Pastoreau spends a good deal of the book explaining all the peculiarities of this point of view.

How Striped Garments Became Chic

Stripes were not very easy to weave, either, before technology. We see in very old fabrics that handcrafted textiles do not have the perfect warp and woof of modern, machine-woven cloth.

Then the Enlightenment put a whole different spin on stripes. No one expected a small band of poorly-clad colonial upstarts to defeat the British Army at a time when Britannia ruled the waves?

It was so unexpected, Pastoreau declares:

“Everything changes in 1775. In one decade, the decade of the American revolution, the stripe, still rare and exotic a generation earlier, begins to invade the world of clothing, textiles, emblems, and decor. This is the beginning of the romantic and revolutionary stripe, born in the New World, but which is going to find the soil of old Europe particularly fertile ground. In fact, it is the beginning of a very widespread phenomenon that will last more than half a century, involving all social classes and profoundly transforming the visual and cultural status of stripes and striped surfaces.” (p. 45)

How Wearing Stripes Became a Political Statement

Wearing striped clothing becomes a way to express support for a movement toward freedom. At first, people alternate two colors. Once the French Revolution tri-color comes into the picture, people experiment with three or more colors.

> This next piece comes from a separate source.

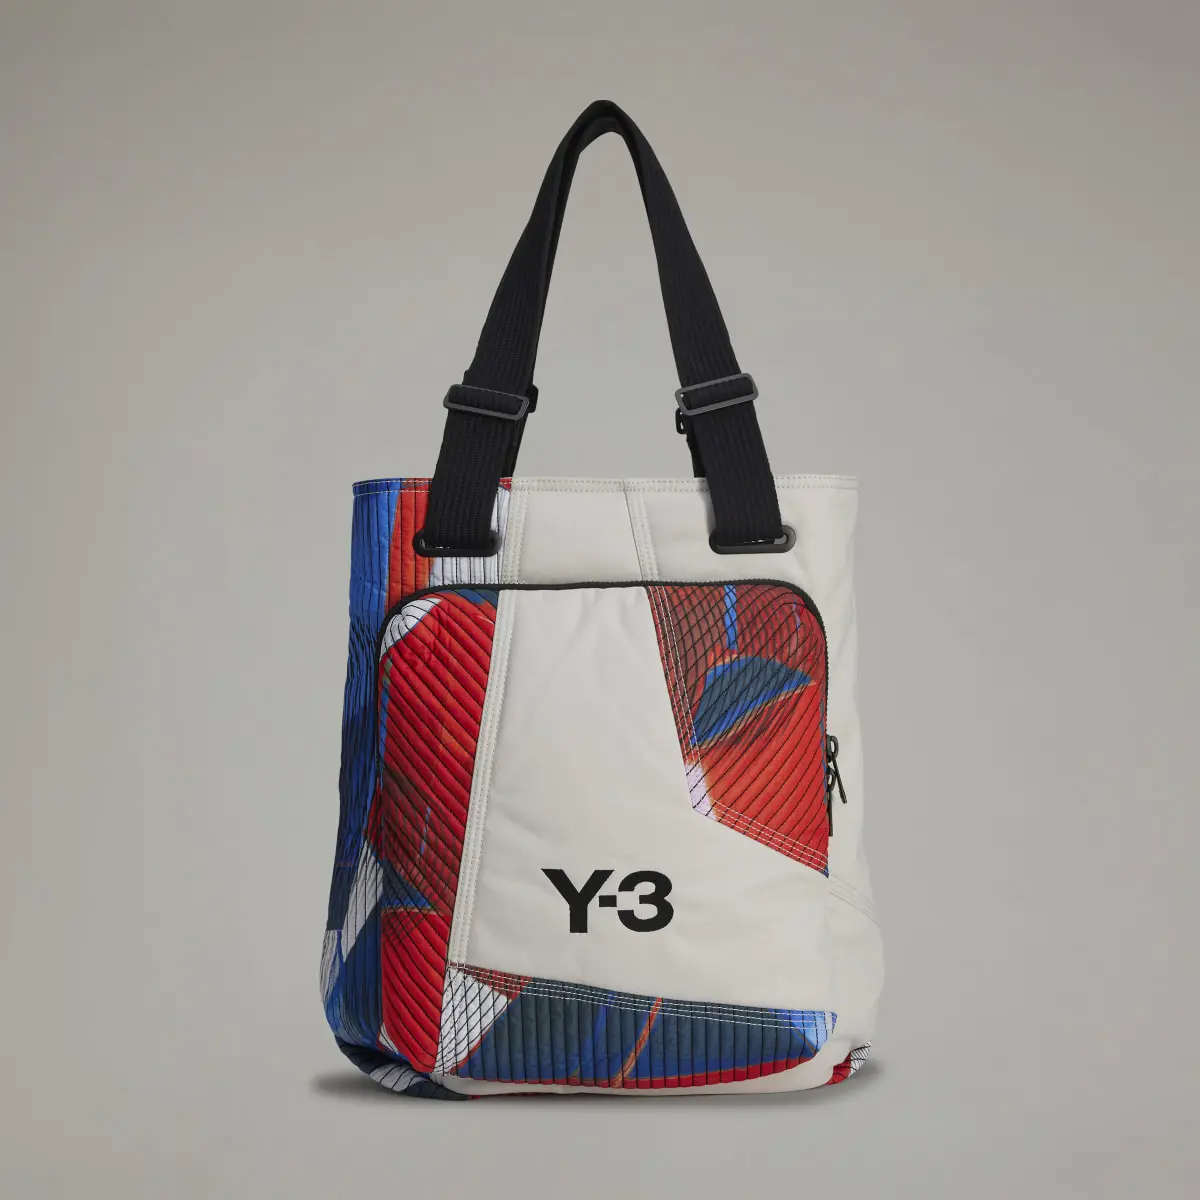 Adidas Y-3 Allover-Print Tote Bag. 2

Technology took the drudgery out of weaving perfectly straight lines, and stripes proliferated.

Stripes Can Denote Rank or Family

Striped clothing and flags began to be used in Asia, Africa, and South America, where colored “bands allow for distinguishing ethnicities, class and familial groups.”

Red, white, and blue stripes came to influence flags around the world. Colorful stripes were used for tents because they seemed to be at once exotic and playful.

Why the First Bathingsuits Were Striped

There is another turning point in the history of striped clothing. Pastoreau notes, “Over the course of the decades, the seaside stripe, having become the stripe of vacations and summer, no longer has only to do with sailors’ clothes and bathers’ health. It has taken over the world of leisure, of games and sports, of childhood and youth. From being healthy, fashionable, and maritime, it has become playful, athletic, and happy” (p.74).

Indeed, there is something perennially chic and ship-shape about the colorful stripes for the knit top with blue, red, or some other bold color alternating with white.

“The presence of white seems to confer on them [striped leisure garments] a quality of unfailing neatness and freshness,” he asserts (p. 73).

Pastorneau argues that stripes still retain, in certain uses, that old aura of the person who is outside mainstream and polite society.

Are Stripes Still A Little Naughty?

He writes, “the ‘rogue’ stripe of the 1900s is still very much present today in advertising, comic strips, and cartoons. A simple horizontally striped jersey is enough to present a dirty street urchin, a thug, a gangster, or some other character who is disquieting but not necessarily a full-fledged criminal” (p. 83).

But he is French, and I am not completely persuaded. By contrast, the pinstripe suit and striped tie suggest professionalism, often at a high level in the legal, banking, or investment areas.

Stripes Create Order

I agree with this conclusion: “Displayed on human bodies, stripes fulfill these same functions: to signal, to classify, to check, to establish a hierarchy . . . The stripe is always an instrument of social taxonomy, and it places individuals into groups, and those groups into the whole of society” (p. 89).

Striped clothing suggests humans are trying to impose order on reality; Pastorneau argues, in the same way, that the hoe, the rake, and the plow making straight furrow creating order out of chaotic nature.